Return-Path: tim.one@comcast.net
Delivery-Date: Fri Sep 6 07:09:11 2002
From: tim.one@comcast.net (Tim Peters)
Date: Fri, 06 Sep 2002 02:09:11 -0400
Subject: [Spambayes] all but one testing
In-Reply-To: <20020905224923.GA20480@glacier.arctrix.com>
Message-ID: <LNBBLJKPBEHFEDALKOLCCEFOBCAB.tim.one@comcast.net>
[Tim]
> Another area for potentially fruitful study: it's clear that the
> highest-value indicators usually appear "early" in msgs, and for spam
> there's an actual reason for that: advertising has to strive
> to get your attention early. So, for example, if we only bothered to
> tokenize the first 90% of a msg, would results get worse?
[Neil Schemenauer]
> Spammers could exploit this including a large MIME part at the beginning
> of the message. In pratice that would probably work fine.

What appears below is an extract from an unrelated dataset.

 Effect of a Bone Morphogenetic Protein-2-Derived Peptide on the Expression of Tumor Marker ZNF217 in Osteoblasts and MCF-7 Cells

Note that timtest.py's current tokenizer only looks at decoded text/* MIME
sections (or raw message text if no MIME exists); spammers could put
megabytes of other crap before that and it wouldn't even be looked at
(except that the email package has to parse non-text/* parts well enough to
skip over them, and tokens for the most interesting parts of Content-{Type,
Disposition, Transfer-Encoding} decorations are generated for all MIME
sections).
Schemes that remain ignorant of MIME are vulnerable to spammers putting
arbitrary amounts of "nice text" in the preamble area (after the headers and
before the first MIME section), which most mail readers don't display, but
which appear first in the file so are latched on to by Graham's scoring
scheme.
But I don't worry about clever spammers -- I've seen no evidence that they
exist <0.5 wink>. Even if they do, the Open Source zoo is such that no
particular scheme will gain dominance, and there's no percentage for
spammers in trying to fool just one scheme. Even if they did, for the kind
of scheme we're using here they can't *know* what "nice text" is, not unless
they pay a lot of attention to the spam targets and highly tailor their
messages to each different one. At that point they'd be doing targeted
marketing, and the cost of the game to them would increase enormously.
if-you're-out-to-make-a-quick-buck-you-don't-waste-a-second-on-hard-
targets-ly y'rs - tim